PREFERRED EMBODIMENTS OF THE INVENTION
[0051] In order to solve the problem that the communication effect
is affected for the mobile terminal user is in a negative emotion
in the related art, the embodiments of the present invention
provide a method and device for transmitting voice data. The
embodiments of the present invention will be further described in
detail in combination with the accompanying drawings below. The
embodiments in the present invention and the characteristics in the
embodiments can be optionally combined with each other in the
condition of no conflict.
[0052] The embodiment provides a method for transmitting voice
data, and the method can be implemented at a mobile side. FIG. 1 is
a flow chart of the method for transmitting the voice data
according to the embodiment of the present invention, and as shown
in FIG. 1, the method includes the following steps (step S102-step
S106).
[0053] In step S102, based on a preset statement database to be
adjusted, voice data required to be sent by a sending end are
monitored.
[0054] In step S104, when monitoring that the above voice data are
required to be adjusted, the above voice data are adjusted
according to a set standard voice format.

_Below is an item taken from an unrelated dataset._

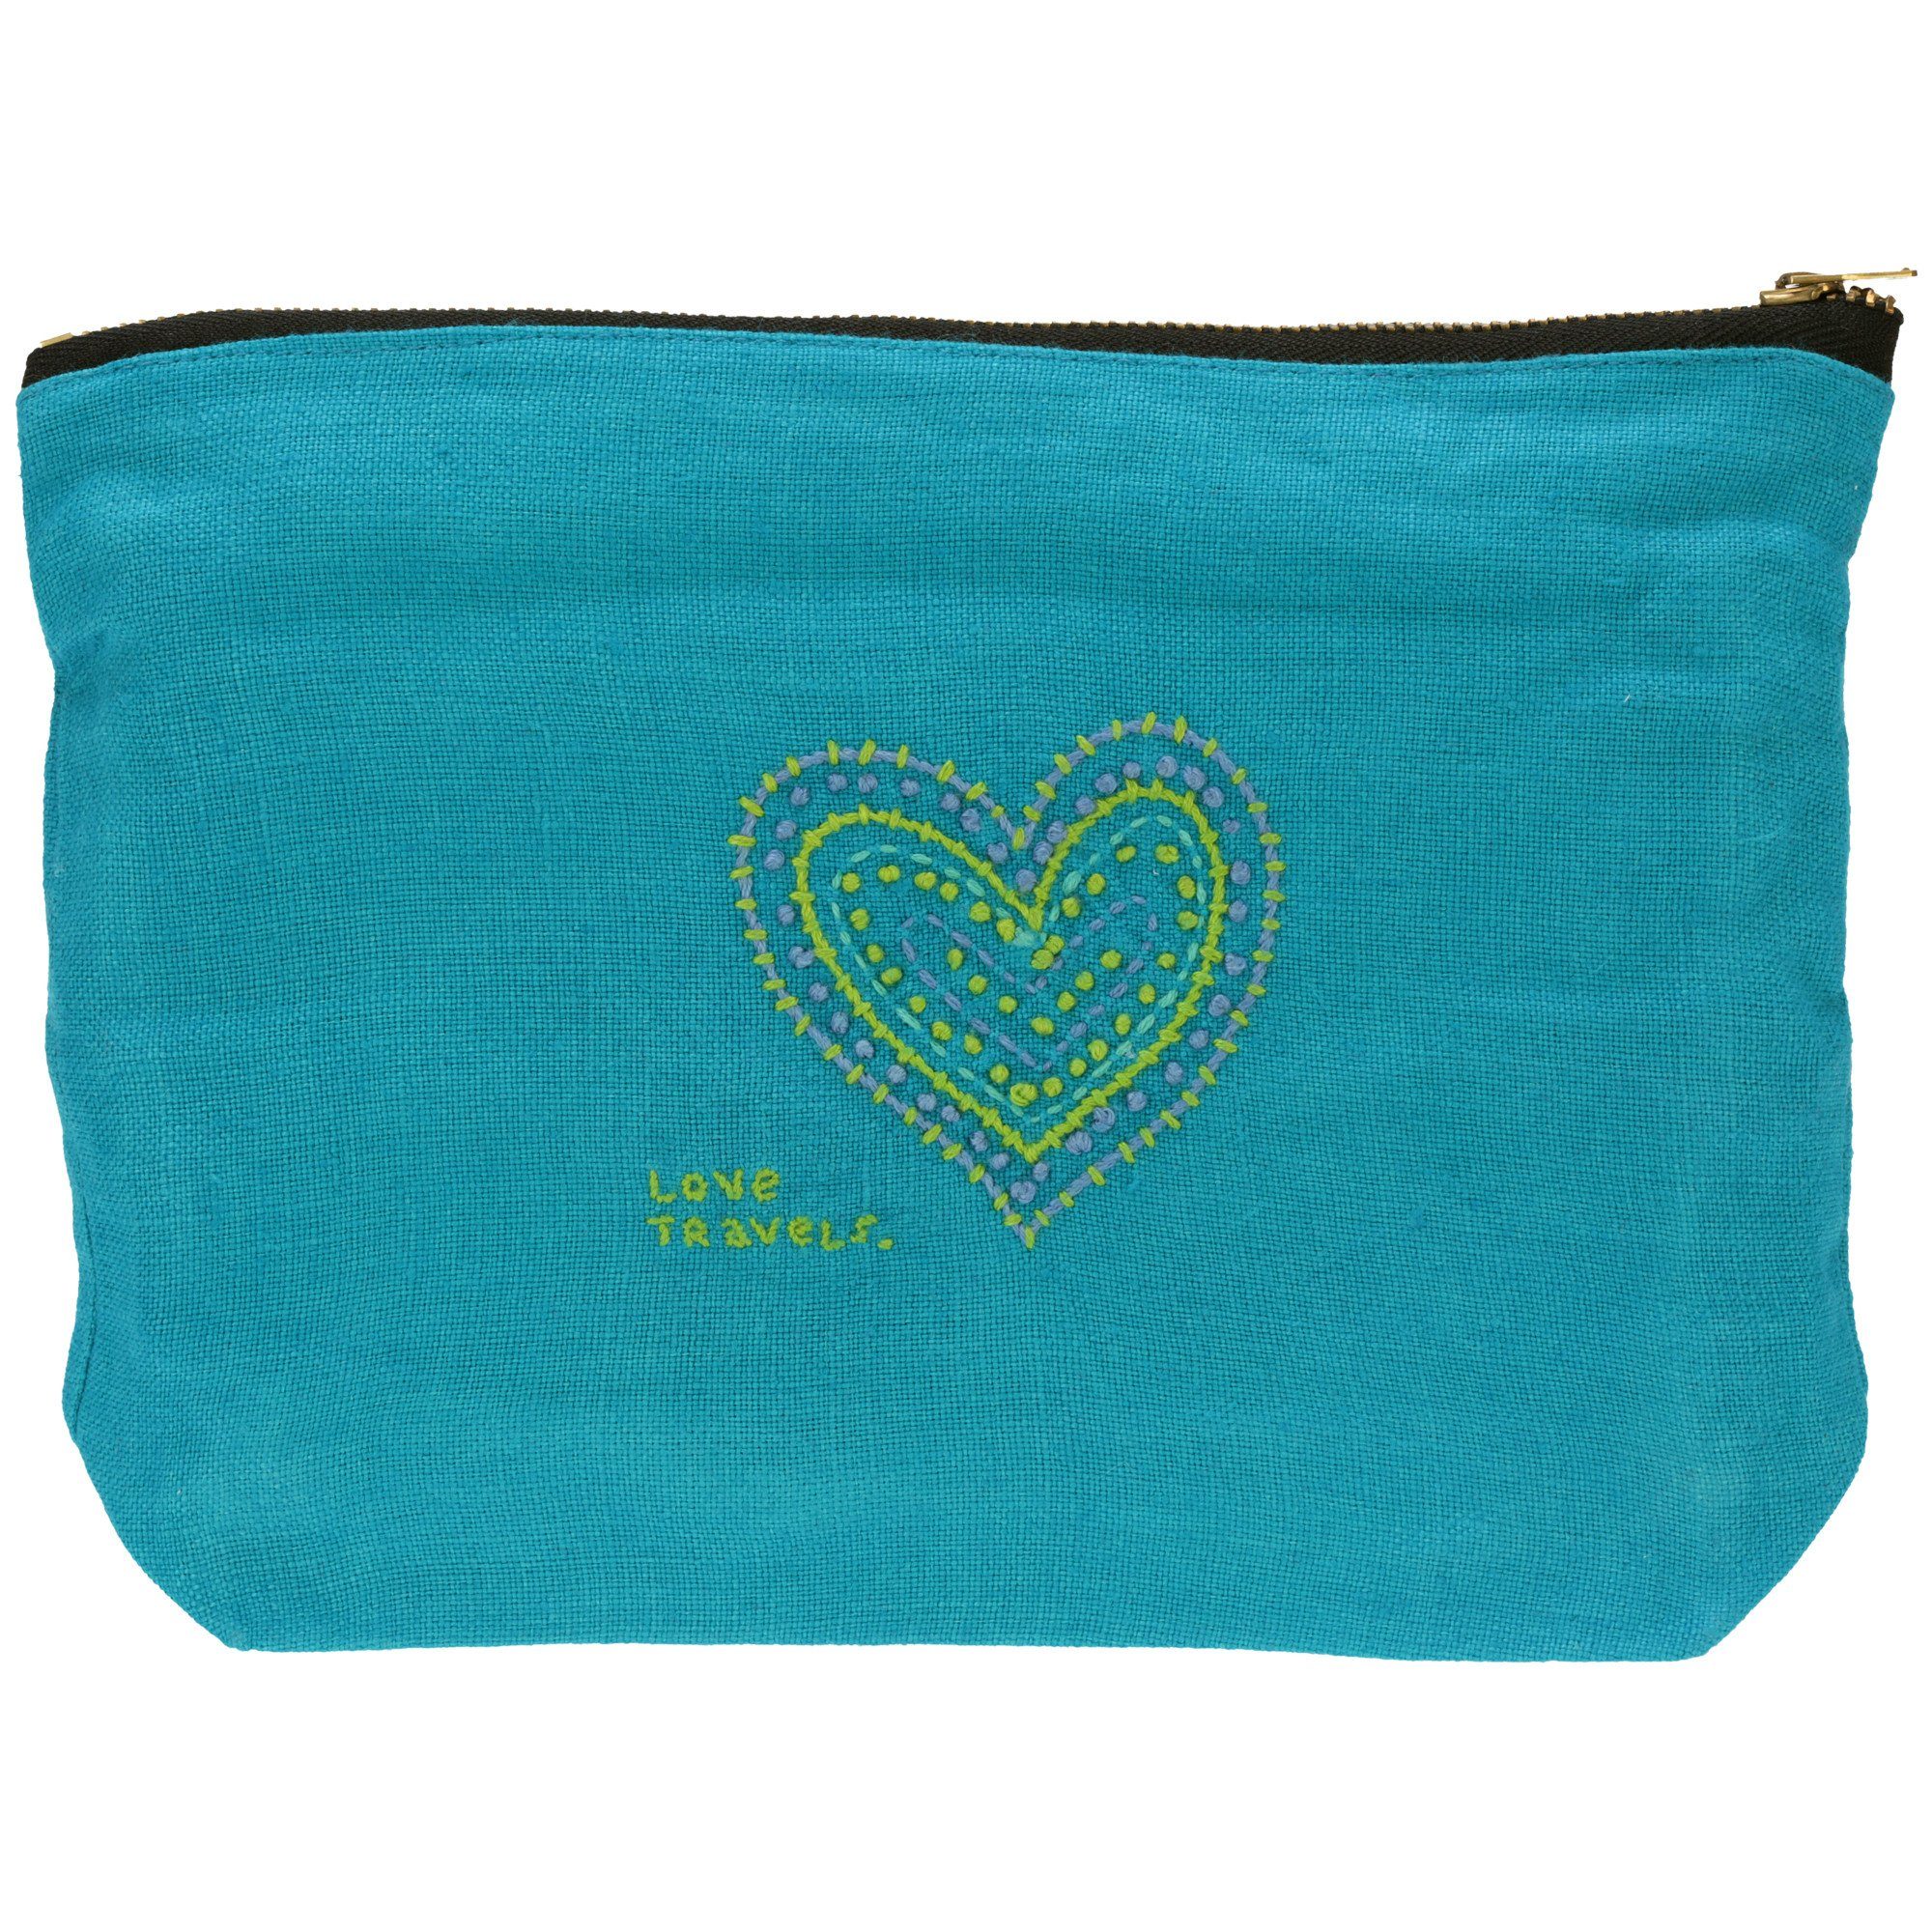 Love Travels Pouch - Turquoise

[0055] In step S106, the adjusted voice data are transmitted to a
receiving end.
[0056] With the above method, the problem that the communication
effect is affected when the mobile user is in an abnormal emotional
state in the related art is solved, which is conducive to
maintaining the personal image, improving the work effect, and
enhancing the interpersonal ability.
[0057] In the embodiment, it is to monitor whether voice data are
required to be adjusted, monitoring whether the voice data are
required to be adjusted can be implemented in various ways, no
matter which ways are adopted, whether the voice data are required
to be adjusted should be monitored, that is, whether a user at the
sending end of the voice data is in an abnormal emotional state
should be monitored. Based on this, the embodiment provides a
preferred embodiment, that is, based on a preset statement database
to be adjusted, the step of monitoring the voice data sent by the
sending end includes: extracting a characteristic parameter in the
voice data; and based on whether the above characteristic parameter
is matched with a first characteristic parameter stored in the
above statement database to be adjusted, monitoring the above voice
data; and/or, extracting a vocabulary in the above voice data; and
based on whether the above vocabulary is matched with a preset
vocabulary stored in the above statement database to be adjusted,
monitoring the above voice data. Through the above preferred
embodiment, monitoring whether the sending end is in the abnormal
emotional state is implemented, which provides a basis for
adjusting the voice data sent by the sending end in the above case
later.
[0058] When the user is in abnormal emotional states (such as rage
and anger and so on), the user's voice is different from the voice
in a normal state, therefore, it is to judge whether the user is in
the abnormal emotional state according to the characteristic
parameter extracted in the voice data in the above preferred
embodiment, which improves the efficiency and accuracy of the
monitoring in the abnormal emotional state. The characteristic
parameter can be a speech speed, an average pitch, a pitch range,
strength and pitch change and so on.
[0059] In addition, the above first characteristic parameter can be
a characteristic parameter when the user is in the abnormal
emotional state, and the above preset vocabulary can be an indecent
vocabulary when the user is in the abnormal emotional state.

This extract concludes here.